Amicus Therapeutics Announces Positive Phase 3 Data on Cardiac Endpoints From Fabry Monotherapy Study 011 and Long Term Extension Study

Philadelphia, Pennsylvania, UNITED STATES

Statistically Significant Improvements in Key Cardiac Parameter in Fabry Patients Previously Naïve to Therapy

Continued Improvement Out to 36 Months on Key Cardiac Parameter

Further Strengthens Data Package for Upcoming Regulatory Submissions

CRANBURY, N.J., Jan. 8, 2015 (GLOBE NEWSWIRE) -- Amicus Therapeutics (Nasdaq:FOLD), a biopharmaceutical company at the forefront of therapies for rare and orphan diseases, today announced additional positive data on an important cardiac endpoint from its first Phase 3 study (Study 011) and the Phase 3 extension (Study 041) of the oral small molecule chaperone migalastat HCl ("migalastat") for Fabry disease. A slide presentation featuring these data is also available at  

Data from the Fabry Registry indicate that the leading cause of death in patients is from cardiovascular disease1. In Study 011 and Study 041, previously untreated patients with amenable mutations showed a statistically significant decrease in left ventricular mass index (LVMi) following treatment with migalastat for up to 36 months (average of 22 months). LVMi is a measure of cardiac hypertrophy, an increase in the size of the heart that has been associated with an increased risk of cardiac events in Fabry patients.
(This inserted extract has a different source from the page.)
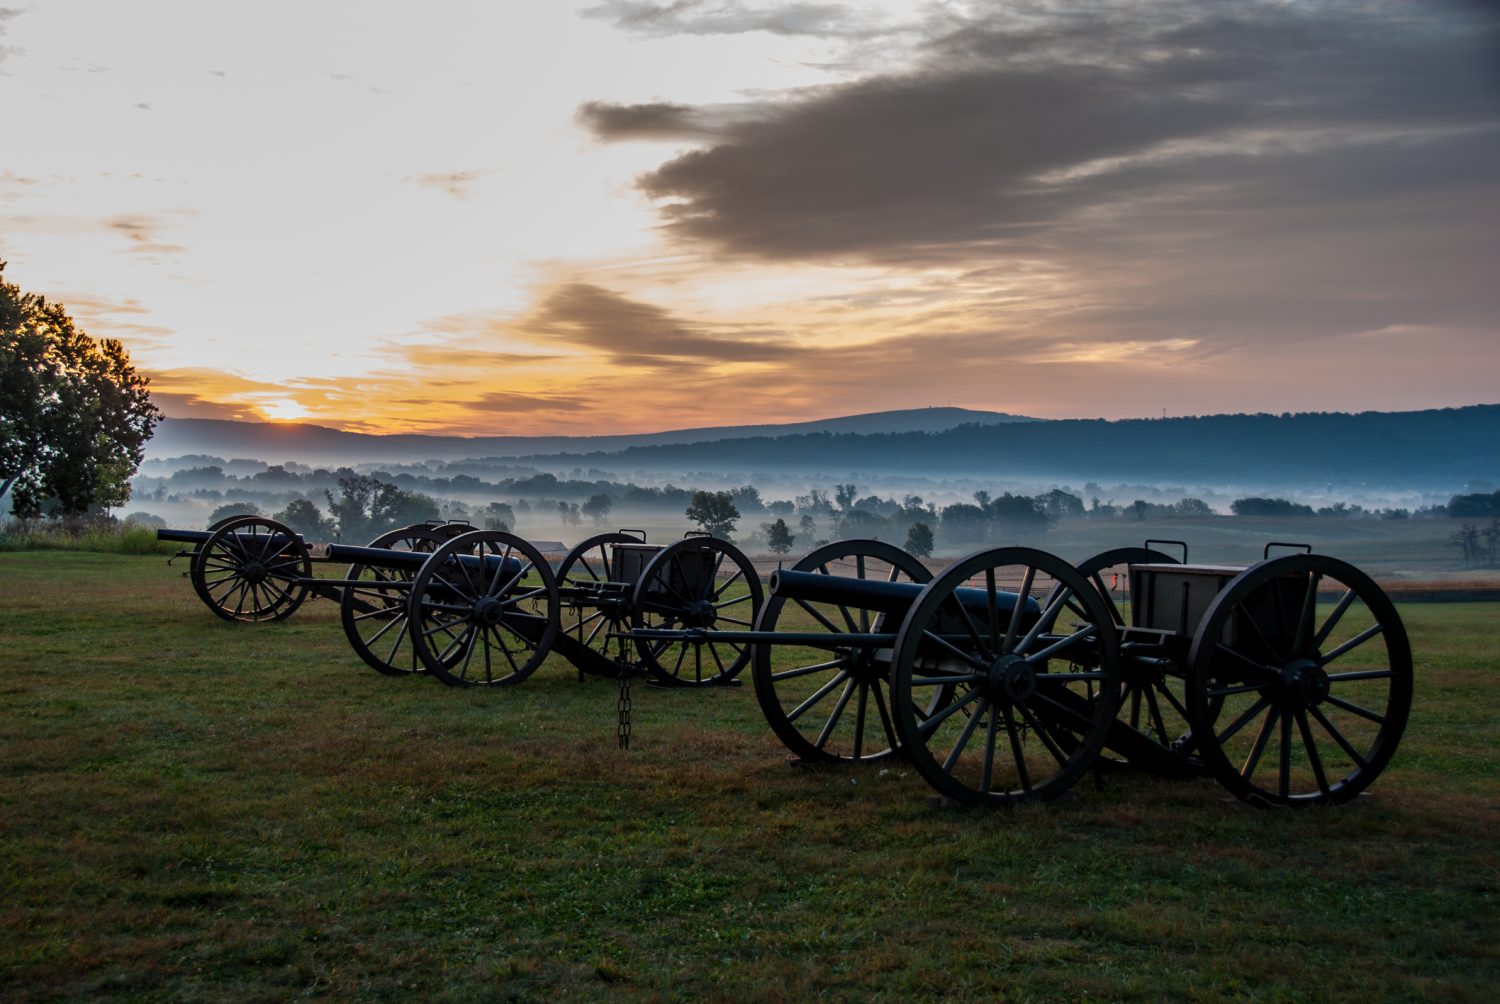 Sunrise over Antietam civil war era cannons

John F. Crowley, Chairman and Chief Executive Officer of Amicus Therapeutics, Inc. stated, "The effects of migalastat on Fabry patients with amenable mutations continue to be very profound. For the first time we are able to show that migalastat can lead to a reduction in LVMi in Fabry patients who are ERT-treatment naïve. These new data add to the positive cardiac effects that we showed in the ERT switch Study 012. Migalastat has now demonstrated a beneficial effect on LVMi in untreated Fabry patients for up to 36 months, which is twice as long of a treatment period as we previously reported in ERT switch patients from Study 012. What is perhaps most important in these results is that after 18 months we continue to see further significant reductions in cardiac mass. These data therefore strongly suggest that migalastat has a persistent and increasing positive effect on LVMi over longer periods of time. We believe that this positive effect is related to migalastat's unique mechanism of action, which is very distinct from currently approved therapies. The cardiac data from both of our Phase 3 studies, in addition to the favorable results on disease substrate reduction and stabilization of kidney function that we previously reported, represent a very compelling data package as we prepare to seek global approval of migalastat monotherapy."

Data Summary:

Left Ventricular Mass Index (LVMi) (g/m2)* in Phase 3 Study 011+041 – Change from Baseline to Last Available Time Point
  Migalastat Baseline Mean
(% abnormal)
Migalastat Change
(Mean, 95% CI)
Study 011+041 97.5 -8.0
(Avg 22 Months)** (26%) (-13.5, -2.5)***

*Read in blinded manner in centralized lab every 6 months. Normal LVMI: 43-95 (female), 49-115 (male)
**All amenable patients with baseline and post-baseline values
***Statistically significant (95% CI does not overlap zero)

Previously Reported Data in ERT Switch Patients (Study 012)

Previously reported data from the Phase 3 Study 012 showed a statistically significant decrease in LVMi following 18 months of treatment with migalastat in patients with amenable mutations who had switched from ERT.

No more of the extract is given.